NCT number NCT02809495
Other study ID # 1-2016
Secondary ID
Status Not yet recruiting
Phase N/A
First received June 17, 2016
Last updated June 17, 2016
Start date June 2016
Est. completion date June 2018

Study information

Verified date June 2016
Source University of Sao Paulo General Hospital
Contact n/a
Is FDA regulated No
Health authority Brazil: University of Sao Paulo, medical school
Study type Observational

Clinical Trial Summary

Prostate cancer (PC) is the most common non-skin tumor in men and the second leading cause of death from cancer in Brazil. It accounts for 13.8% of deaths from cancer in males, similar to what happens with breast cancer in females, corresponding to 15.8% of cancer deaths in women. Mobile applications, software developed for smartphones and tablets used for many different purposes (games, communication, entertainment etc) have become important tools of mHealth (Mobile Health in Portuguese - mobile health) as they allow remote support to patients or self-promotion of health care. It has been used globally to assist in the treatment and control of various diseases such as diabetes, physical inactivity, and many others.

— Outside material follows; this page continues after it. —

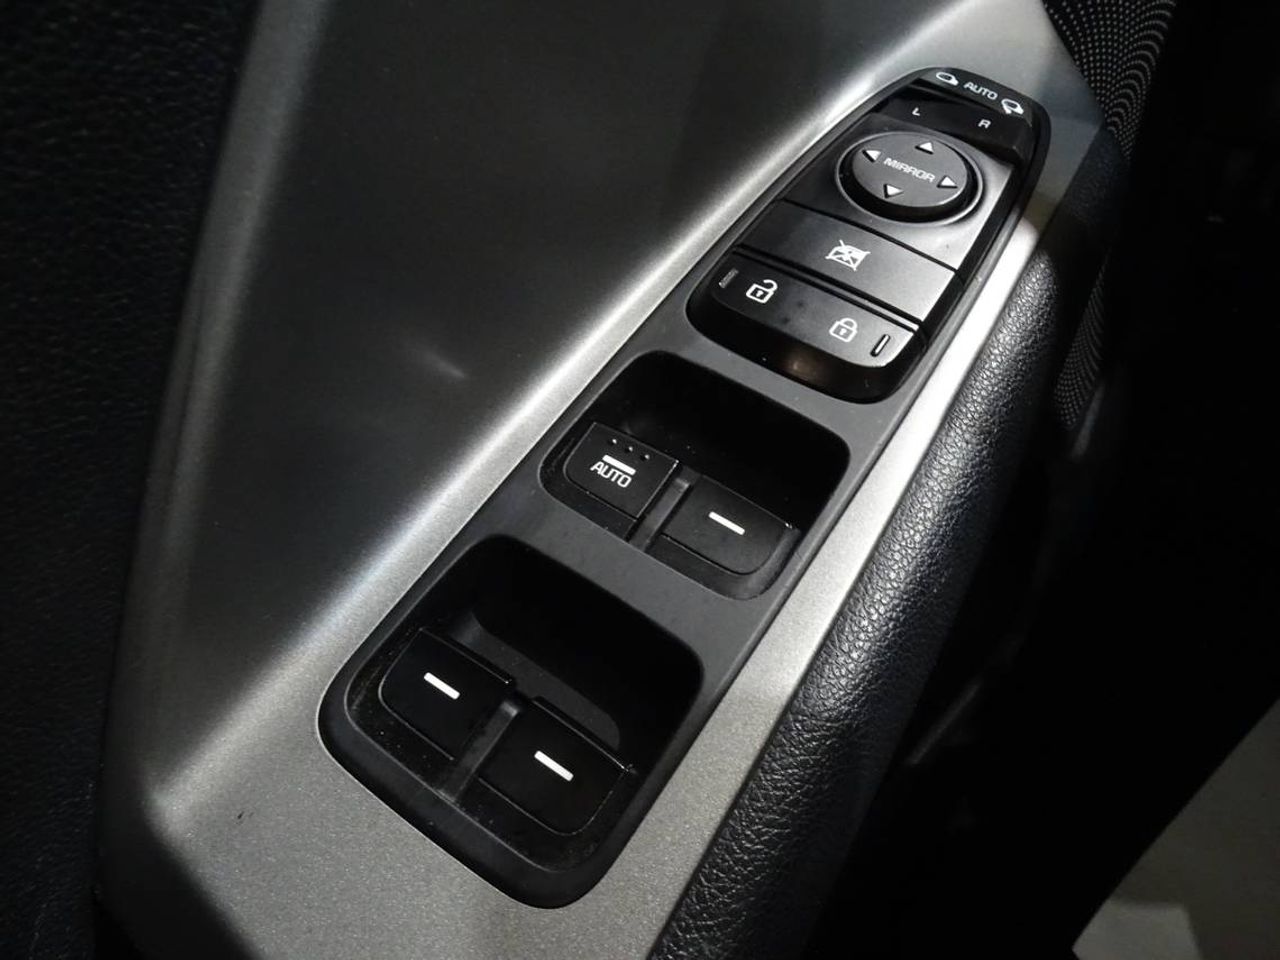 Kia Niro Drive 1.6 GDi Híbrido 104kW (141CV)  - Foto 2
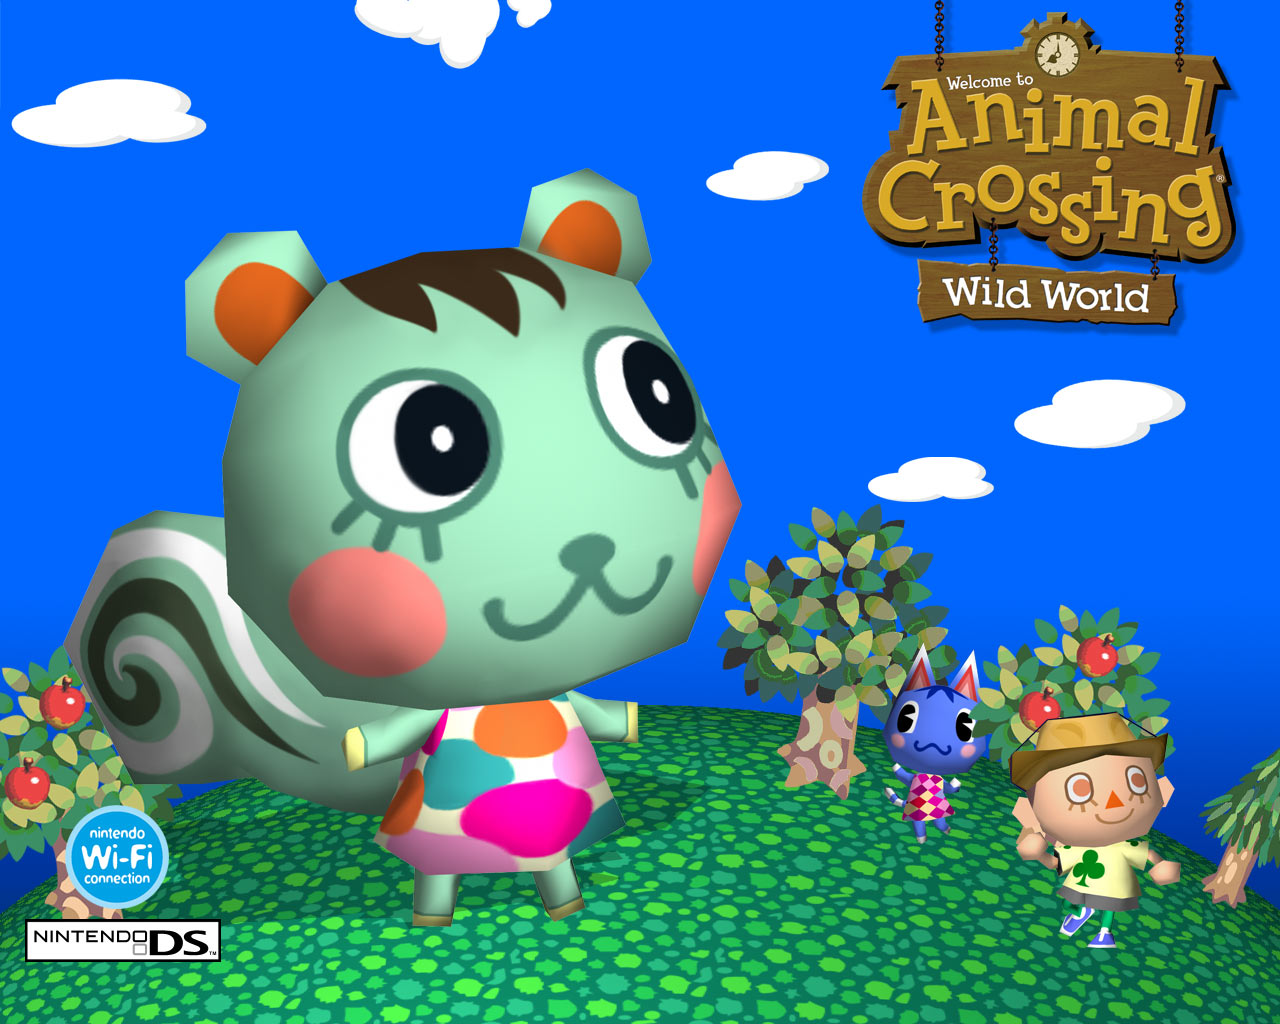 Tema: Todo sobre el Animal Crossing Wild World

In oncology there are several applications developed to assist in the monitoring and treatment of various cancers such as gastric and breast cancer. So far it has not developed an application for follow-up of patients with PC, to capture data on satisfaction of post-treatment patient regarding the comorbidity of surgery, and also loyalty and adherence of patients to follow-up in offices allowing a possible intervention it is done at the right time. Nor was made compared to assess whether there is benefit in using this application. Thus, the objective of this work is to develop an application for smartphones facing the postoperative follow-up of patients undergoing robotic radical prostatectomy and compare adherence to treatment compared to accompanied by traditional way patient. In addition, we will evaluate the progress of the IPSS, ICIQ and IIEF-5 compared to preoperatively in patients undergoing prostatectomy robotic radical.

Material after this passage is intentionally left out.